We have also assessed the effect of the intronic variant rs853789 located in the 19th intron of ABCB11, one of two SNPs, along with rs560887, that were reported by Chen et al. (12) to be associated with FPG. ABCB11 (ATP-binding cassette family B 11) encodes the major bile salt export pump and is expressed predominantly in the liver (29) and was hypothesized to potentially drive the association with FPG observed at this locus (12). We found a significant association between rs853789 and FPG (β = −0.062, P = 1.1 × 10−25, supplementary Table 4). However, when we include either rs560887, rs13431652, or rs573225 in a regression conditional model that includes rs853789, age, sex, BMI, and cohort, the effect of rs853789 is highly reduced (supplementary Table 4), whereas rs13431652 (P = 1.2 × 10−10), rs573225 (P = 1.8 × 10−9), and rs560887 (P = 1.3 × 10−7) remain strongly associated with FPG (supplementary Table 5).
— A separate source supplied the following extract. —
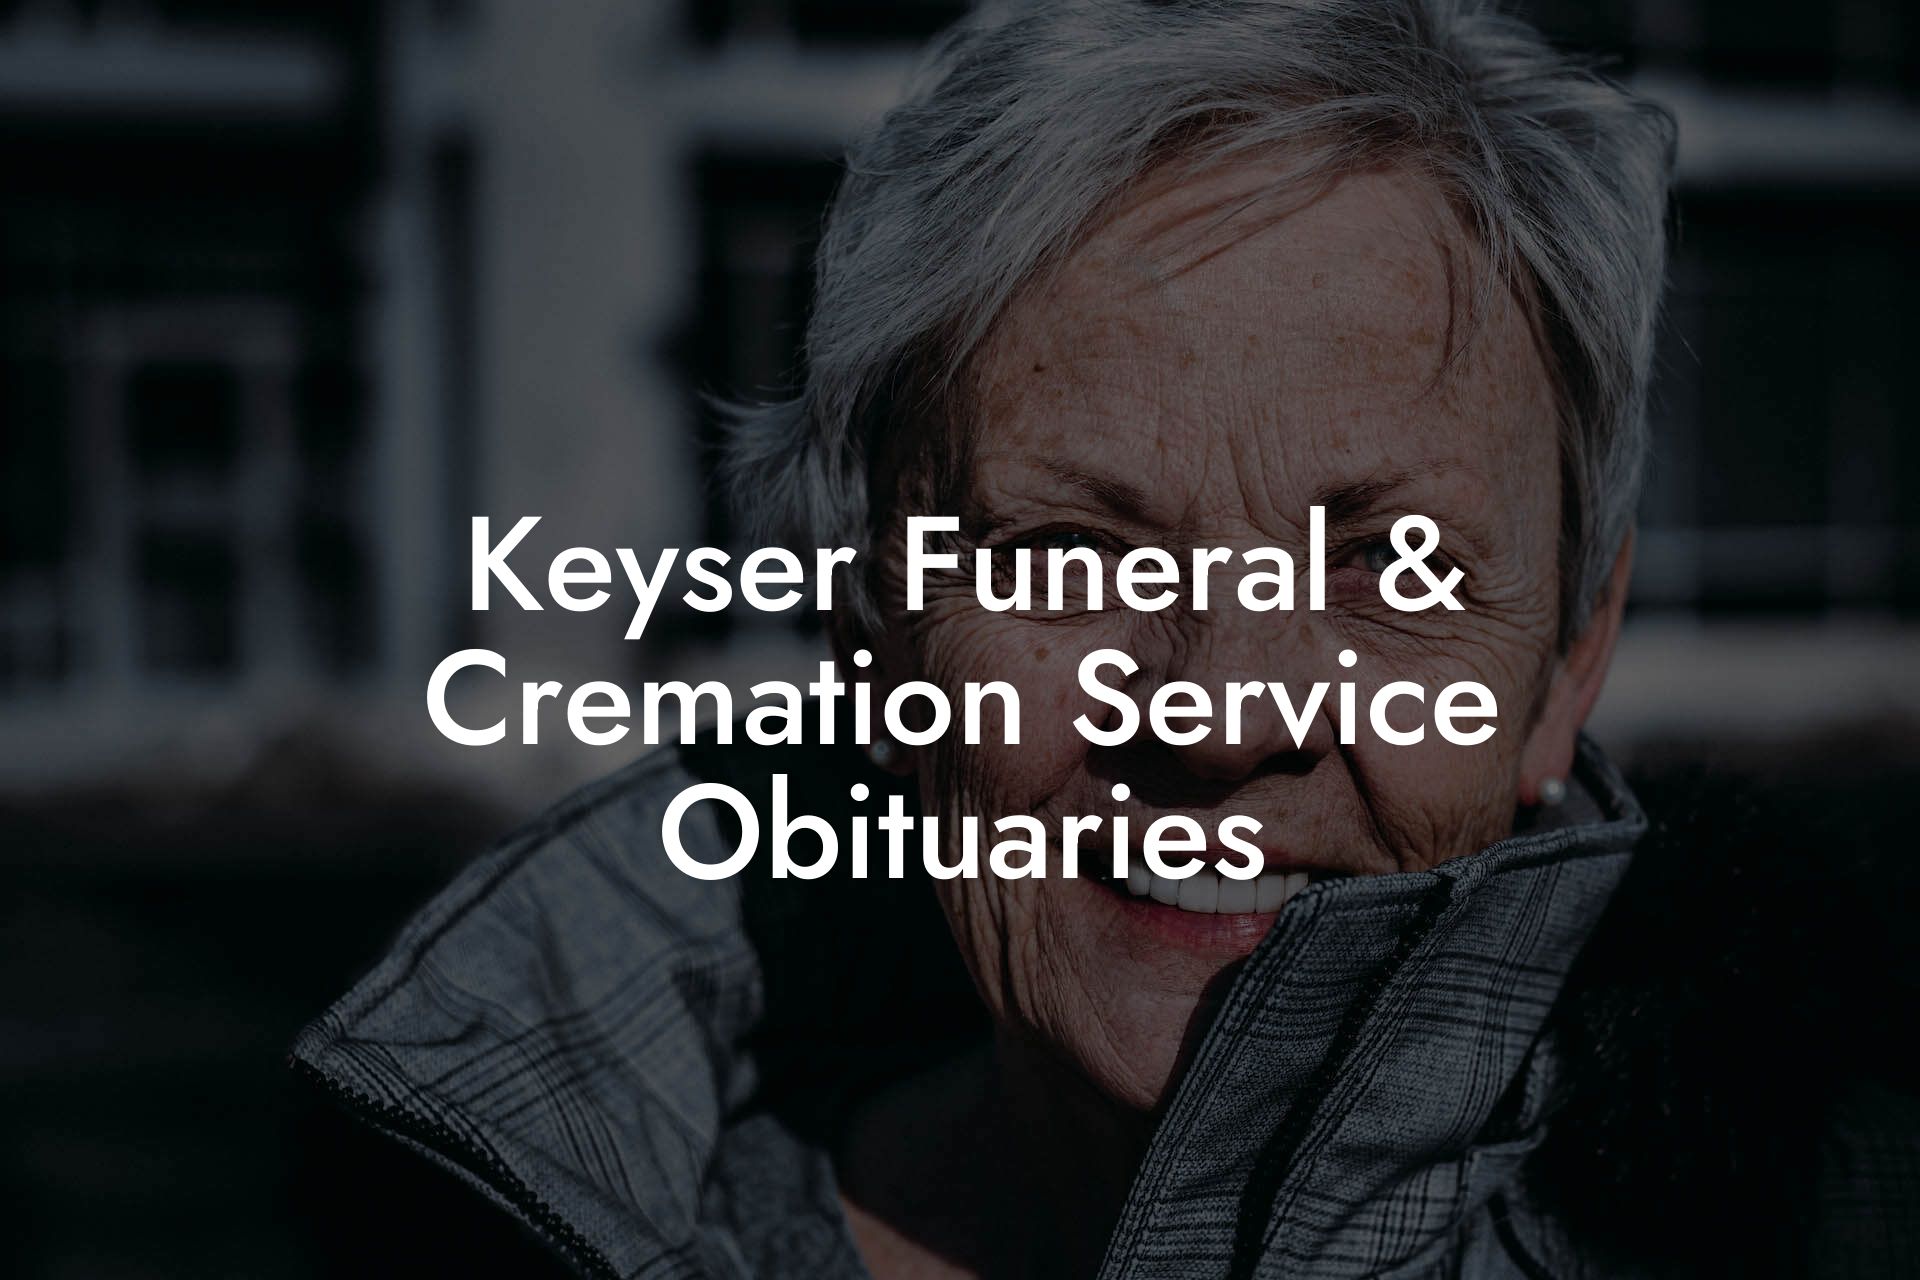 Keyser Funeral & Cremation Service Obituaries

These findings were confirmed by the haplotype analyses that did not support a frank, independent contribution of rs853789 to the association in any of the cohorts studied (supplementary Table 3). These genetic data suggest that in our populations, the ABCB11 rs853789 effect on FPG is driven mainly by G6PC2 variation through moderate LD, estimated between 0.42 and 0.78, depending on the population studied (supplementary Table 5).
Expression analyses.
Using quantitative real time PCR we confirmed that the expression of G6PC2 is restricted to pancreatic tissues, including whole pancreas, islets and sorted β-cells, in humans (supplementary Fig. 1A). Similar results were previously reported through RNA blotting analyses of mouse (2,9) and human (3) RNA. In a limited sample (N = 24) in which pancreatic islet cDNAs and corresponding genomic DNAs were available, we found no significant correlation between the alleles of rs13431652-A, rs573225-A, or rs560887-G, that are associated with high FPG and G6PC2 gene expression (supplementary Fig. 1B).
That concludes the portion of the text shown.